The production of this radionuclide can be accomplished in a simple and cost-effective manner via the bombardment of a Ga/Ni alloys, which are also proposed for the production of ⁶⁸Ge with 11-MeV protons.¹⁰⁸ Separation of ⁶⁹Ge from target material is carried out by column chromatography using a DGA extraction resin in HNO₃ media. One limitation is ⁶⁹Ge’s complex chemical speciation in aqueous media, which has led to a lack of suitable radiolabeling techniques for the preparation of ⁶⁹Ge- based agents. The distribution of germanium species depends on the total concentration and the pH of the medium with the 4 major hydrolysis products identified as Ge(OH)₄, [GeO(OH)₃]⁻ , [GeO₂(OH)₂]²⁻ , and[[Ge(OH)₄]₈(OH)₃]^3-,109 making it a major challenge for radiolabeling with ⁶⁹Ge using traditional chelator-based methods.

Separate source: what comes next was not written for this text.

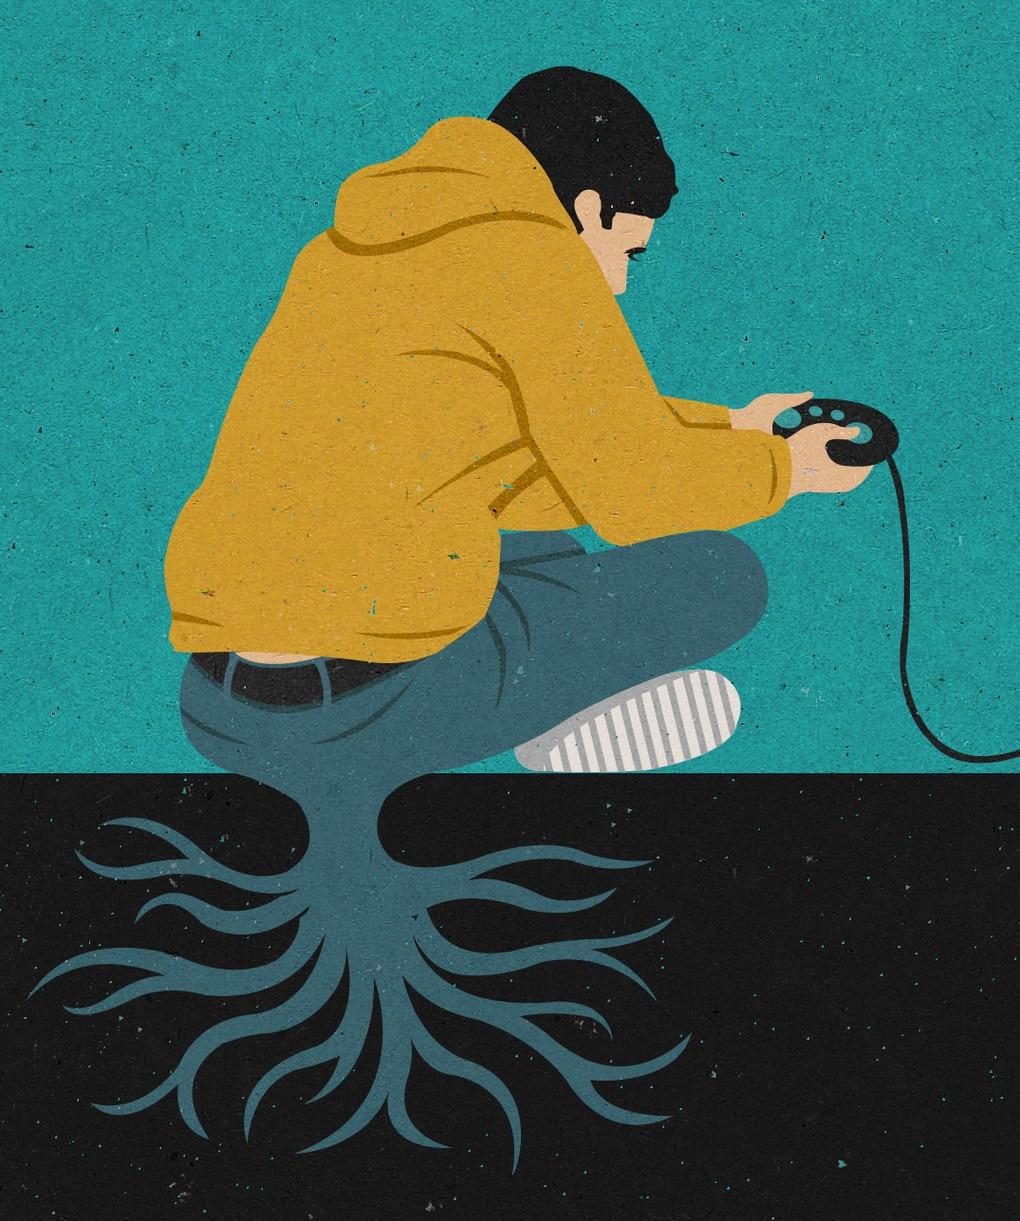 lazy lad alt - 28 злободневных иллюстраций, которые кричат о проблемах современного общества

In a recent effort to develop conjugation techniques for ⁶⁹Ge, superparamagnetic iron oxide nanoparticles (SPION) were recently used as a matrix for chelator free radiolabeling of this nanoconstruct with ⁶⁹Ge.¹⁰⁸ The incorporation of Ge into metal oxide matrix (such as TiO₂, ZrO₂, CeO₂, SnO₂, Fe₂O₃, Fe₃O₄, Al₂O₃) has been extensively exploited for the preparation of the widely used ⁶⁸Ge/⁶⁸Ga generators.^110,111 Therefore, SPION nanoparticles were employed as a platform to radiolabel ⁶⁹Ge without the need for functionalized chelators. As an added benefit, given the magnetic properties of SPIONs simultaneous PET and magnetic resonance imaging (MRI) data were acquired using these constructs.¹¹² Despite having nuclear properties favorable for mAb work, ⁶⁹Ge remains underutilized as a PET radiolabel due to the lack of traditional BFC-based methods for incorporating it into targeting moieties of interest.

3 | CONCLUSIONS

The field of positron emission tomography imaging using labeled mAbs is rapidly progressing toward widespread clinical adoption. Radiolabeled immunoconjugates play an essential role in drug development and aid in patient stratification and monitoring of the treatment response. Moreover, the availability of theranostic isotopic pairs facilitates the implementation of TRT using therapeutic radionuclides that allow the combination of immunological and radiobiological cytotoxic effects for higher anti-tumor efficacy. Within this context, a parallel development of isotope production, separation, and radiochemistry methods is vital to nurture a steady development of both preclinical and clinical studies using different PET radiometals, which will ultimately result in the realization of radiolabeled mAbs as promising tools in the management of cancer. Nevertheless, especially for those emerging radiometals, the production, isolation, and labeling need to be optimized to efficiently fulfill the clinical requirements for human uses.

Biographies

Eduardo Aluicio-Sarduy received his undergraduate education at the Higher Institute of Applied Sciences and Technology (InSTEC) in Havana, Cuba, where he completed with honors his BSc (2007) and MSc in Radiochemistry (2011). In 2016, he earned his PhD in Materials Engineering at Politecnico di Milano, and currently, he is a postdoctoral researcher at the University of Wisconsin-Madison working on the production and radiochemical isolation of long-lived radionuclides for theranostics applications.

Jonathan Ward Engle is an assistant professor and cyclotron jockey in the departments of Medical Physics and Radiology at the University of Wisconsin. He has experience in radionuclide production, accelerator targetry, analytical and preparative radiochemistry for clinical and pre-clinical positron emission tomography (PET) scanning, and automation. He has degrees in Religion, Education, and Physics.